Kilgore experienced growth after October 3, 1930, when wildcatter Columbus M. "Dad" Joiner struck oil near the neighboring town of Henderson.This well, known as the Daisy Bradford #3, marked the discovery of the vast East Texas Oil Field. Kilgore rapidly transformed from a small farming town on the decline into a bustling boomtown. The Daisy Bradford #3 was subsequently followed by the Lou Della Crim No. 1 and many others.

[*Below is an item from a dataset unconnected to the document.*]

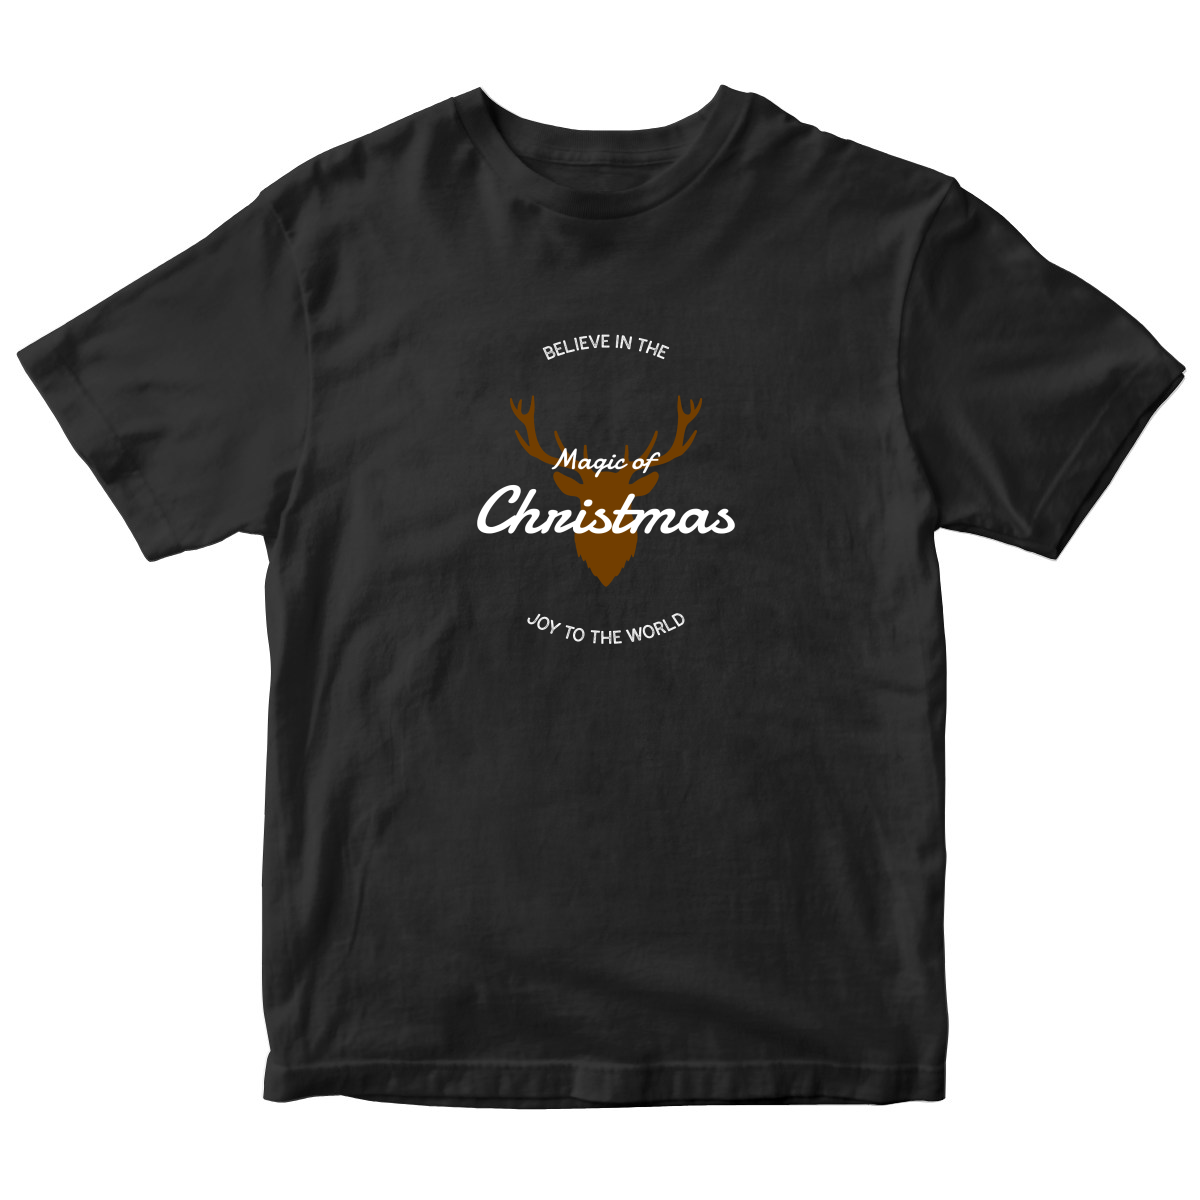 Believe in the Magic of Christmas Joy to the World Kids T-shirt | Black

The discovery of oil soon drew a large influx of workers—known as "boomers"—to Kilgore, rapidly transforming the town into a tent city. Many newcomers lived in makeshift shelters such as piano crates or wooden boxes, with a significant number settling in an area known as "Happy Hollow" — a term also used in Houston to describe a similar red-light and low-income district. The city became known for vice and lawlessness that it was said that "Both sides of town were on the wrong side of the tracks". Eventually, the homeless broke the windows of the Presbyterian Church. When members arrived for service, they found people living inside. During the service, one man stood up and said, "Brother, we're going to stay". In the midst of this frenzy of events, an incendiary fire broke out in Kilgore believed to be arson, that destroyed the Baptist, Methodist, and Presbyterian churches. A rumor spread that angry oilfield workers, upset over losing their jobs due to a rationing order that closed too many wells, were responsible for starting the blaze. After the churches were burned by vandals, Kilgore became known as "the city without any churches." Louise’s church, First Baptist, held services in homes and schools before building a location at "Happy Hollow" in 1933.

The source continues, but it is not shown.